Dataset section Block Start
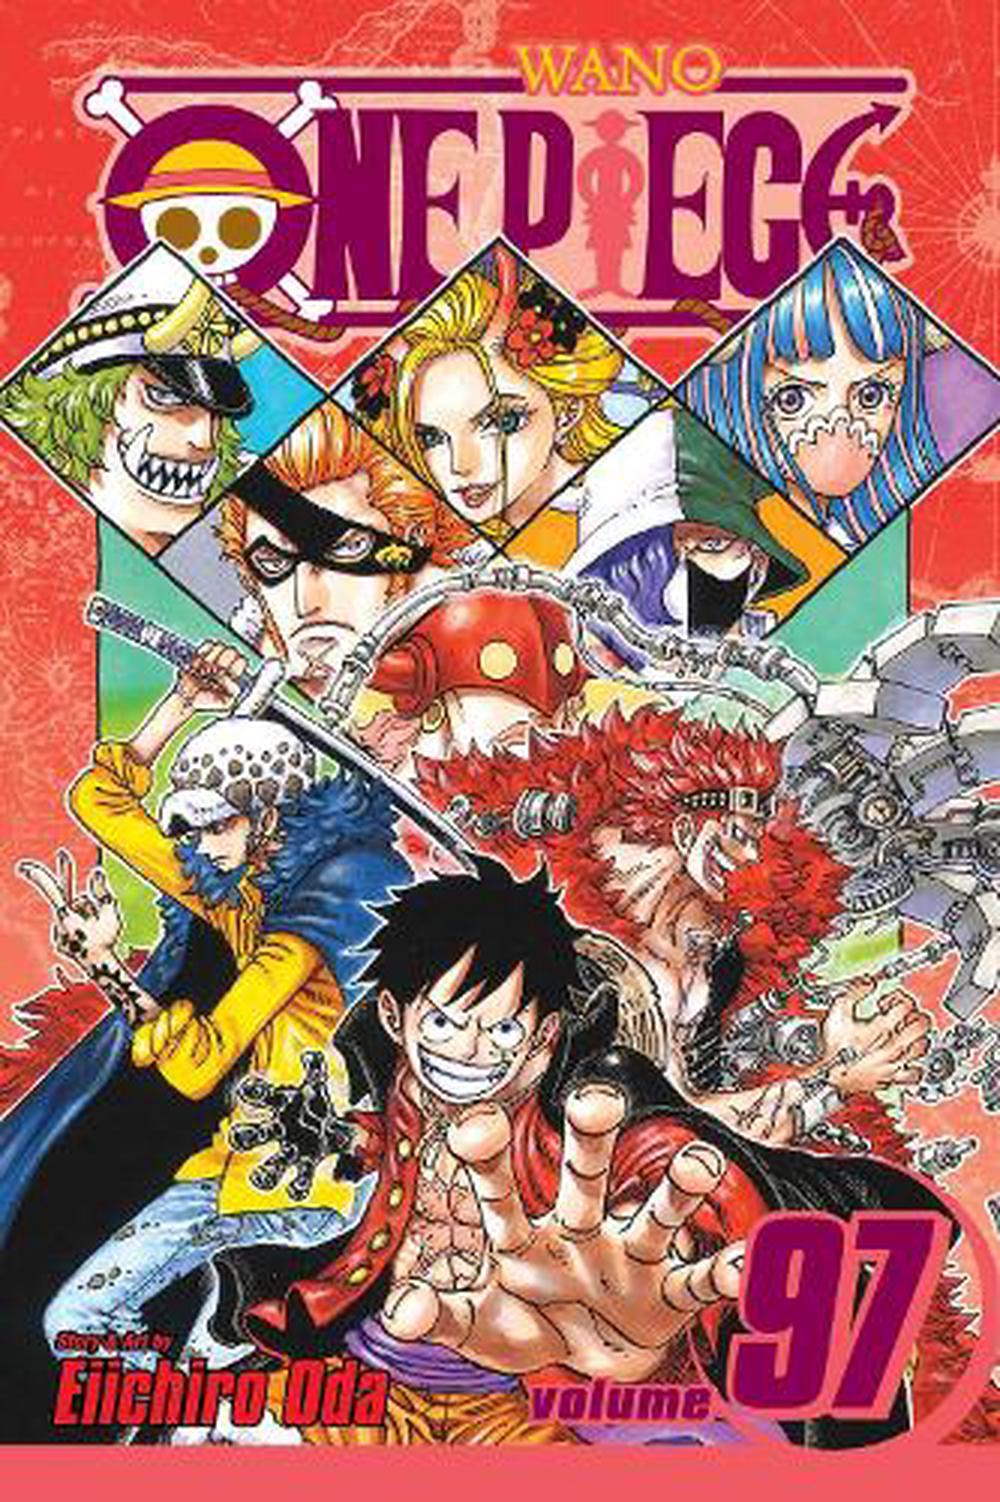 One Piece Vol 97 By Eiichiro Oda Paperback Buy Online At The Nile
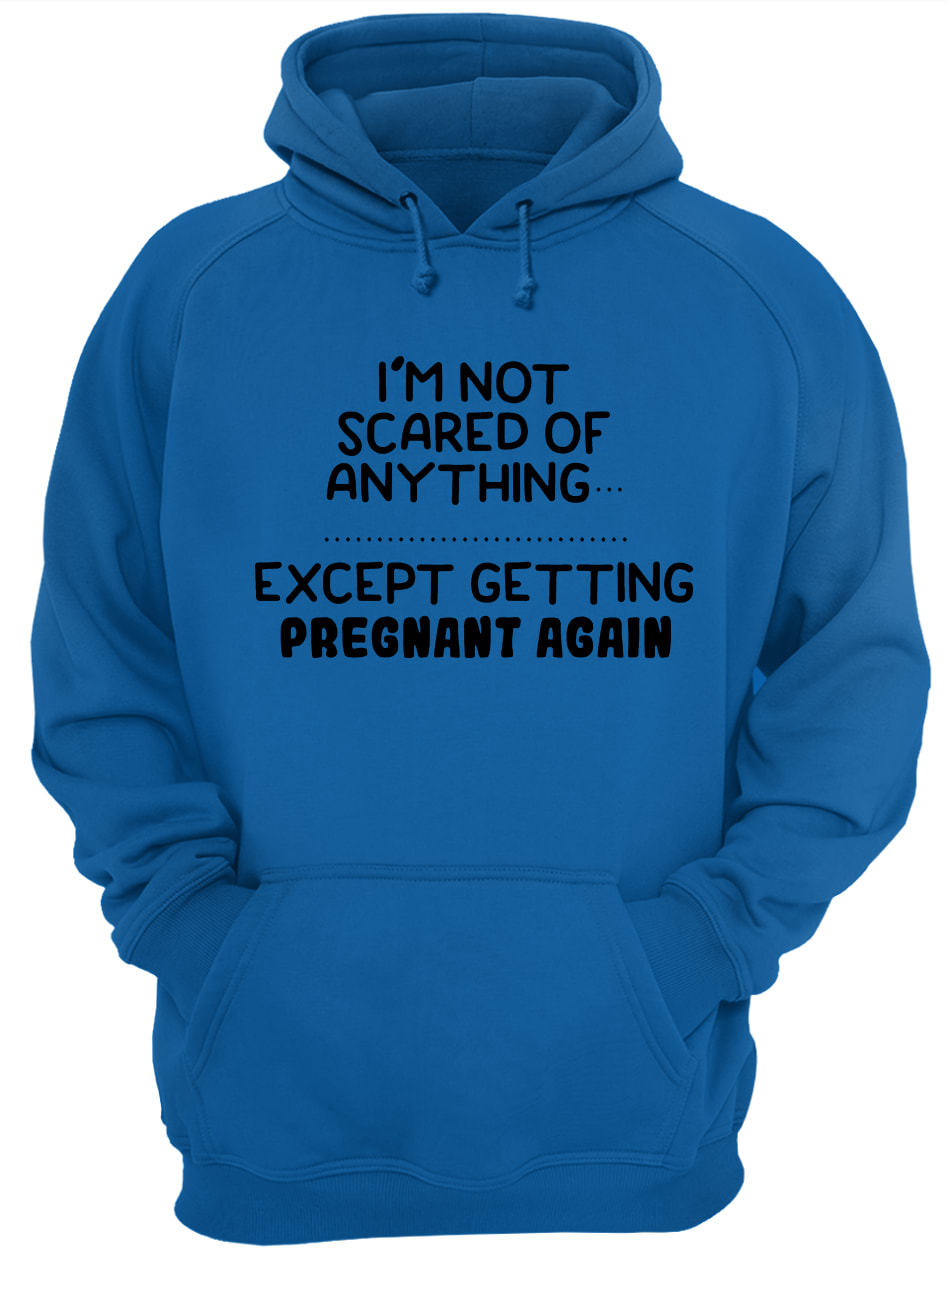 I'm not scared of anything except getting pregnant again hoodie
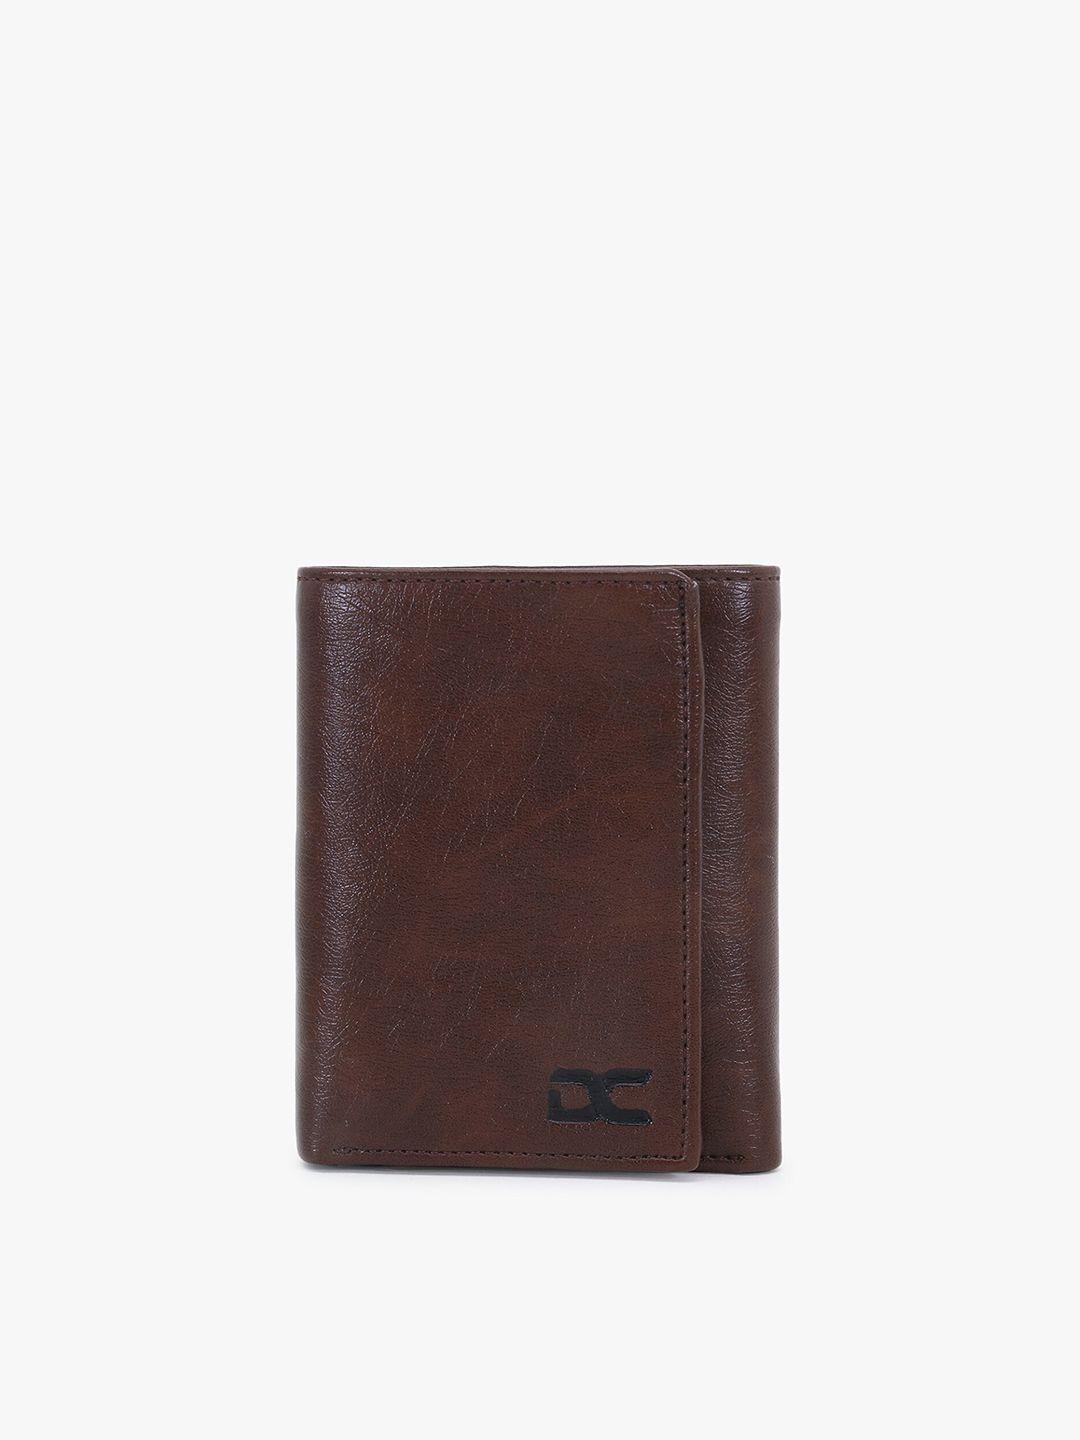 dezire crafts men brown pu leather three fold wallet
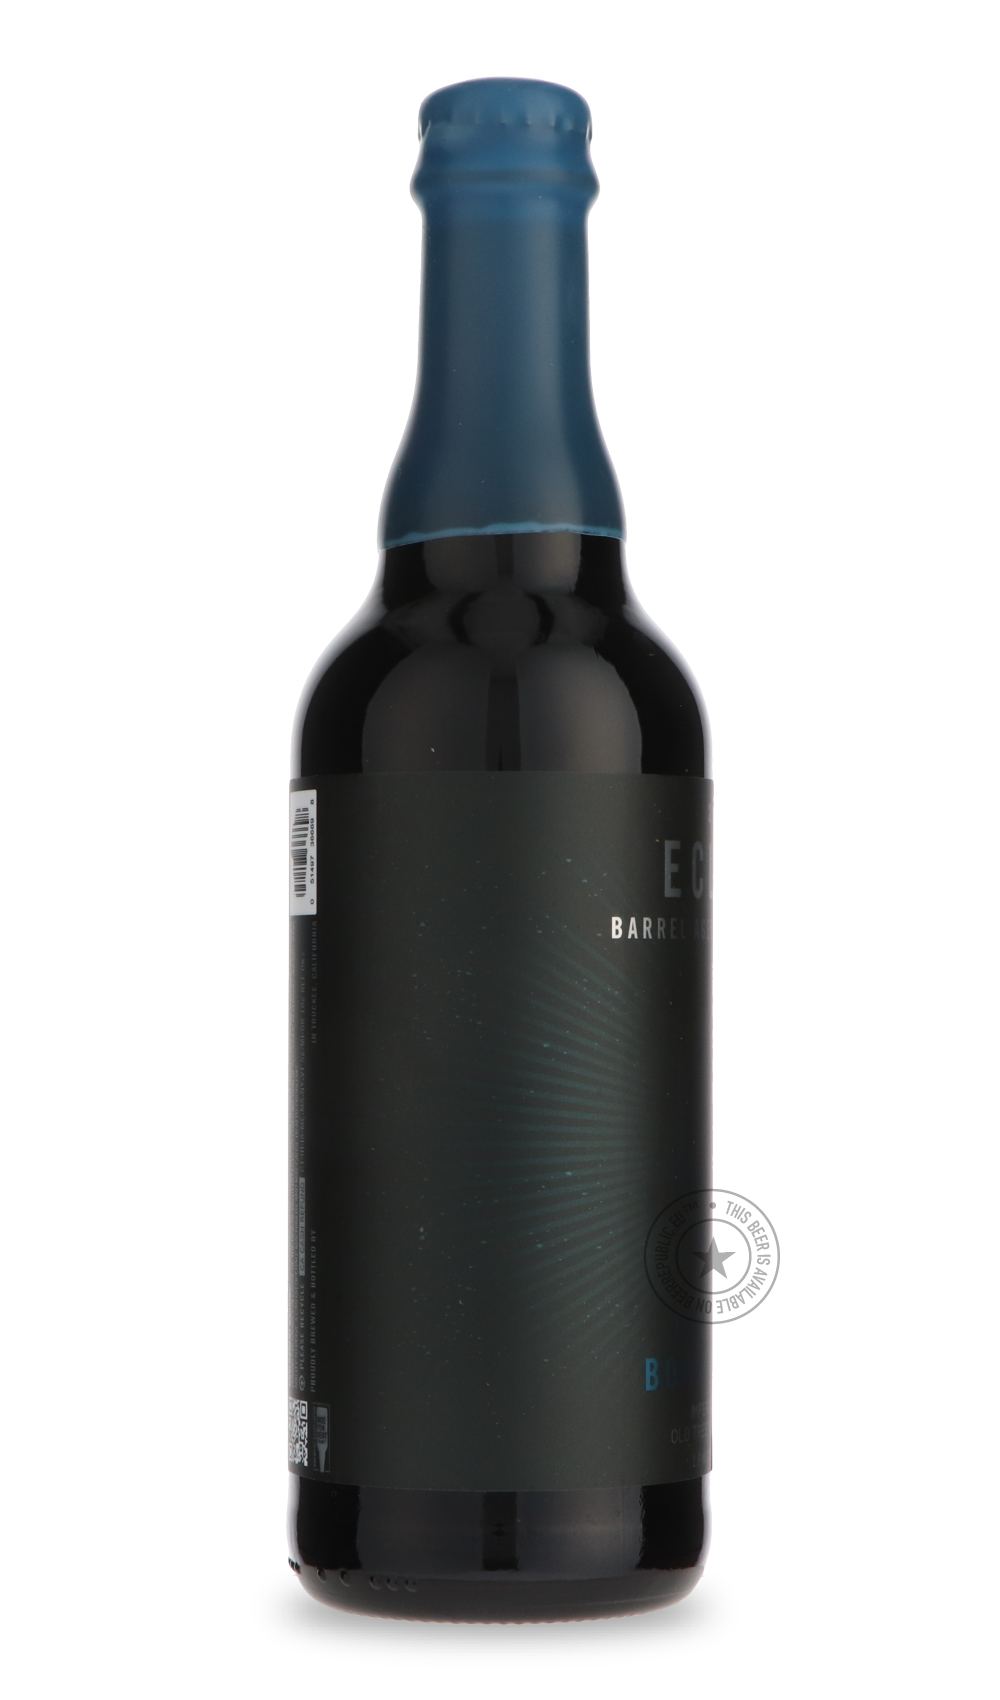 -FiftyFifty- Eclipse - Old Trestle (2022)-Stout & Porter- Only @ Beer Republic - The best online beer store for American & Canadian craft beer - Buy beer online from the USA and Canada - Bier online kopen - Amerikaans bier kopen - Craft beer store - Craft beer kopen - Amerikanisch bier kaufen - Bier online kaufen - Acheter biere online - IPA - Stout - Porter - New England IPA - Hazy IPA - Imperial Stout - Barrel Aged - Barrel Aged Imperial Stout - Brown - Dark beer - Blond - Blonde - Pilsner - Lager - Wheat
Dataset section Block End
● **Your task**
No picture should be included when the data are set down again exactly.

● **Your response**
 One Piece Vol 97 By Eiichiro Oda Paperback Buy Online At The Nile
 I'm not scared of anything except getting pregnant again hoodie
 dezire crafts men brown pu leather three fold wallet
 -FiftyFifty- Eclipse - Old Trestle (2022)-Stout & Porter- Only @ Beer Republic - The best online beer store for American & Canadian craft beer - Buy beer online from the USA and Canada - Bier online kopen - Amerikaans bier kopen - Craft beer store - Craft beer kopen - Amerikanisch bier kaufen - Bier online kaufen - Acheter biere online - IPA - Stout - Porter - New England IPA - Hazy IPA - Imperial Stout - Barrel Aged - Barrel Aged Imperial Stout - Brown - Dark beer - Blond - Blonde - Pilsner - Lager - Wheat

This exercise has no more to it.